Jakarta, Aktual.com — Dirjen Ketenagalistrikan Kementerian Energi dan Sumber Daya Mineral (ESDM), Jarman mengatakan krisis listrik di Pulau Nias harus ditangani dengan cara apapun untuk memastikan listrik di Sumatra Utara itu kembali beroperasi secara normal.

“Nias itu harus tetap nyala, harus ada plan B. Plan B nya itu bahwa diluar APR (American Power Rental) harus sudah terpasang listrik yang sudah memenuhi demand,” kata Jarman di Jakarta, Jumat (20/5).

Dia menambahkan sejak terjadi permasalahan antara PLN dengan APR, sudah ada penanganan melalui penambah daya listrik berupa genset sebesar 17 MW, walaupun ketersediaan ini masih kurang dibanding dengan kebutuhan rakyat Nias sebesar 26 MW.

“Sampai status kemarin itu sudah ada 17 MW di luar yang 20 MW milik APR. Jadi total yang sekarang itu kemampuannya sudah beroperasi 37 MW. lalu kita lihat demandnya kan 26 MW,” timpalnya.

Namun untuk mengantisipasi jika APR kembali melakukan pemutusan supply listrik, dia menjanjikan akan menambah daya listrik sebesar 12 MW pada akhir bulan ini.

Seperti diketahui bahwa pada awal bulan lalu, APR memutuskan untuk menghentikan operasinya karena pihak PLN belum membayar tagihan terhadap APR selaku pihak pengembang atau Power Purchase Agreement (PPA).
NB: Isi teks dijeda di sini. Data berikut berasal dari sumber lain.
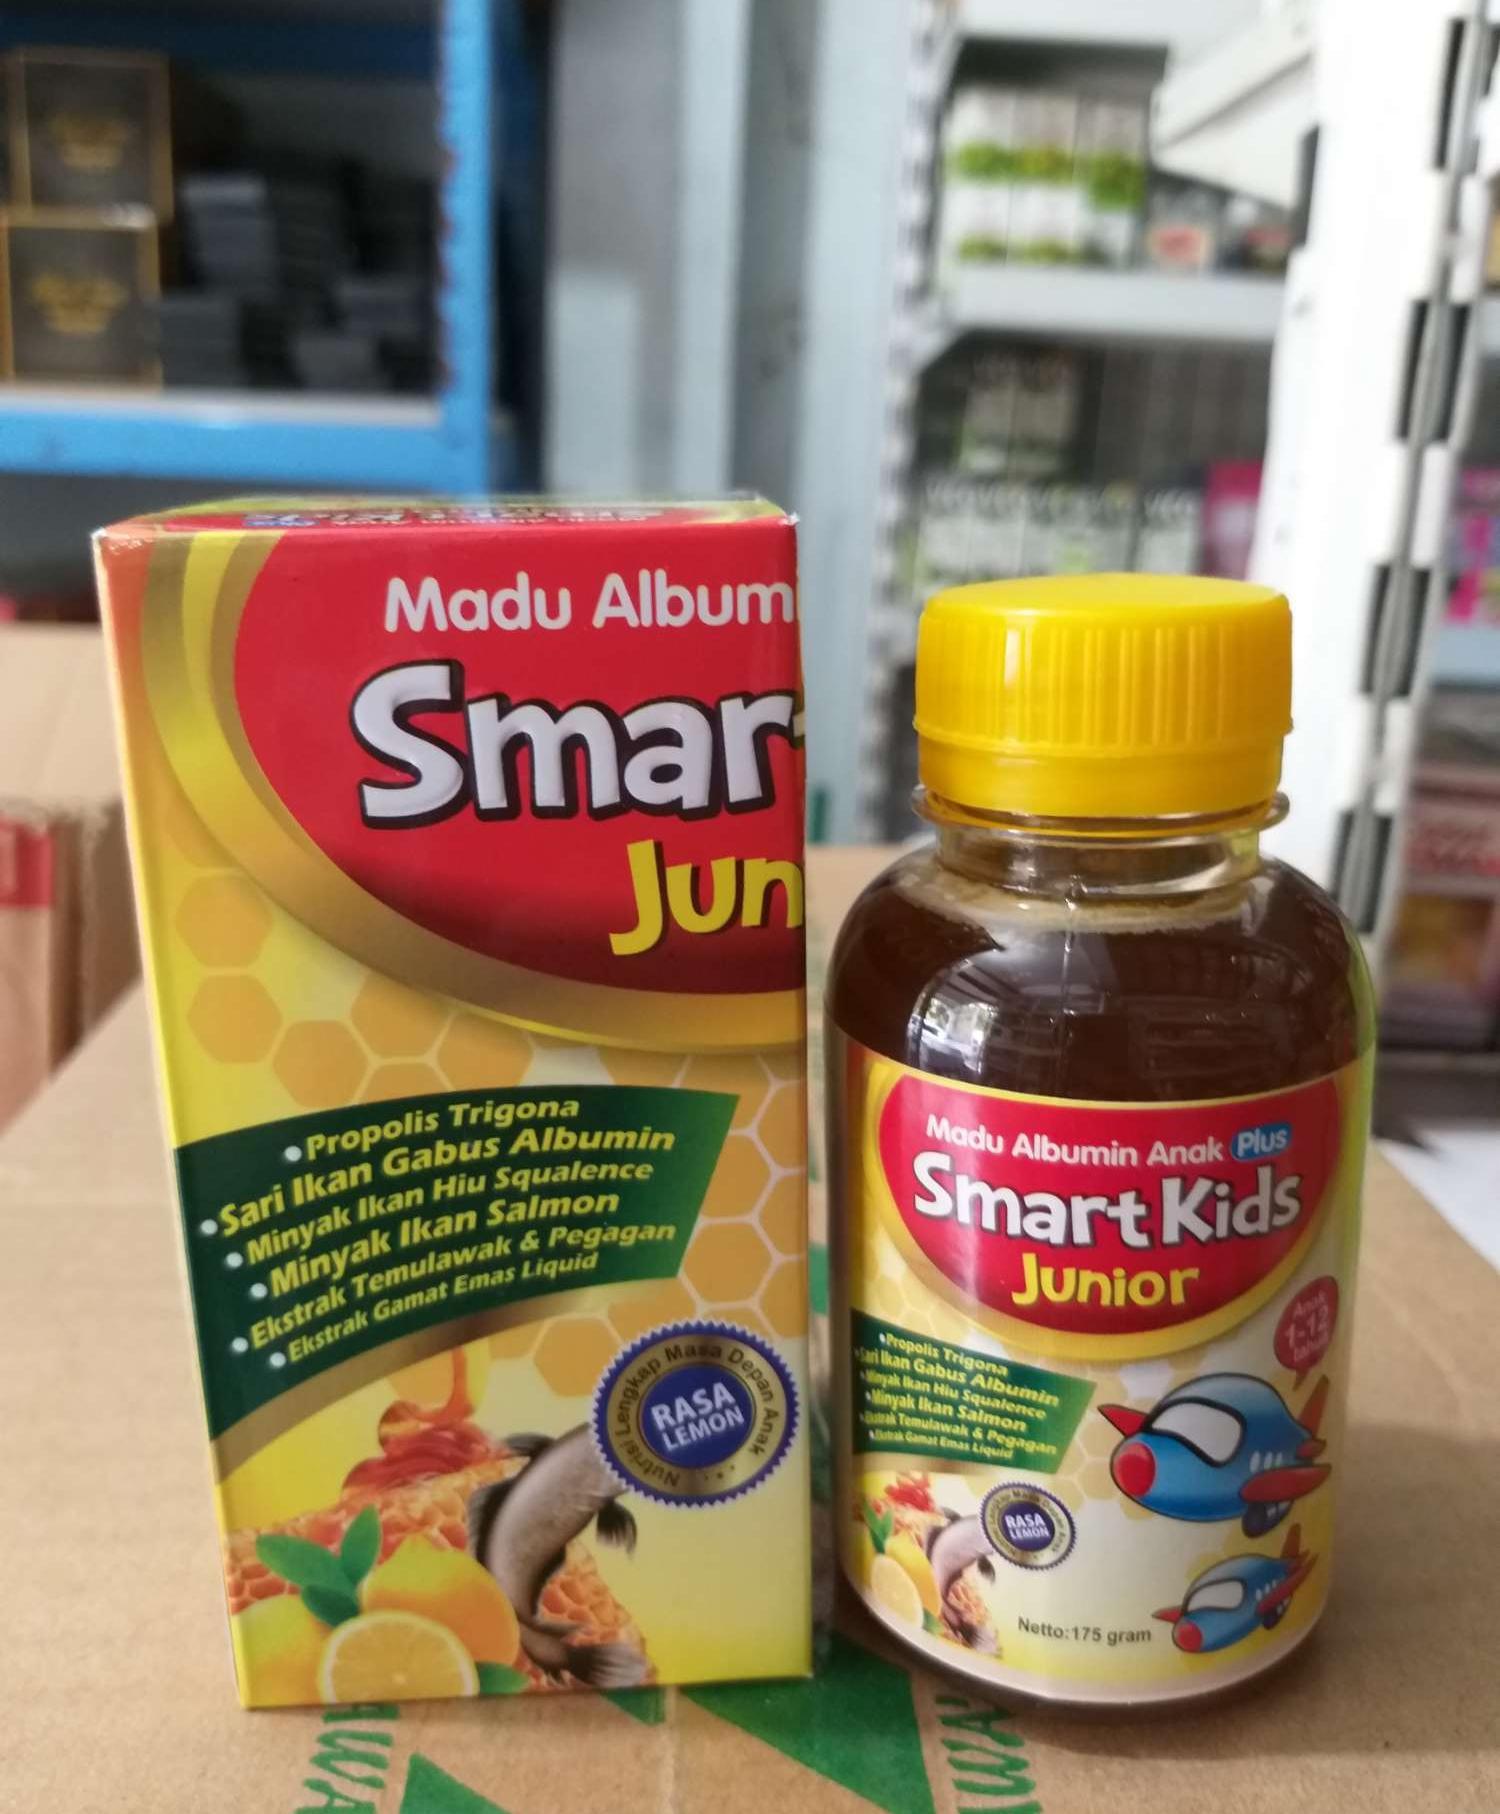 Buy Sell Cheapest Madu Albumin Smart Best Quality Product Deals Vitabumin Anak Plus Minyak Ikan Asli Kids Penambah Nafsu Makan Kecerdasan Otak

Direktur Eksekutif Center of Energy and Resources Indonesia (CERI), Yusri Usman menanggapi bahwa kebijakan PLN sulit dicerna dengan akal sehat sehingga mengabaikan hak publik untuk mendapatkan listrik

“Negara kita sudah merdeka hampir mencapai usia 71 tahun, tentu suatu kebijakan PLN yang sulit dicerna oleh akal sehat, bagaimana mungkin hak publik telah gagal menerima pelayanan soal kebutuhan listrik,” kata Yusri Usman kepada Aktual.com, Kamis (19/5).

Lebih lanjut dia mengatakan dengan adanya pemutusan aliran listrik yang telah terjadi, masyarakat nias mengalami kerugian ekonomi yang besar. Menurutnya pemerintah harus segera meninjau jajaran direksi dari pusat hingga tingkat daerah.

“Saatnya pemerintah meninjau jajaran direksi PLN mulai tingkat pusat hingga tingkat daerah Sumatera Utara, karena sejak tahun 2007 listrik mati seperti minum obat, bisa sehari 3 kali,” tukasnya.

Menurutnya tindakan dari APR tersebut merupakan bentuk frustasi investor dalam berhubungan dengan PLN. Dengan kinerja seperti itu, dia pesimis atas program listrik 35.000 MW.

“Soal kebutuhan listrik APR yang kapasitas 20 MW ini saja tidak beres diselesaikan oleh stake holder bidang energi, apalagi bicara bangun pembangkit 35.000 MW. Saya pikir itu program bisa diklasifikasikan sebagai program (pungguk merindukan bulan) bagi Pemerintahan Jokowi-JK,” pungkasnya.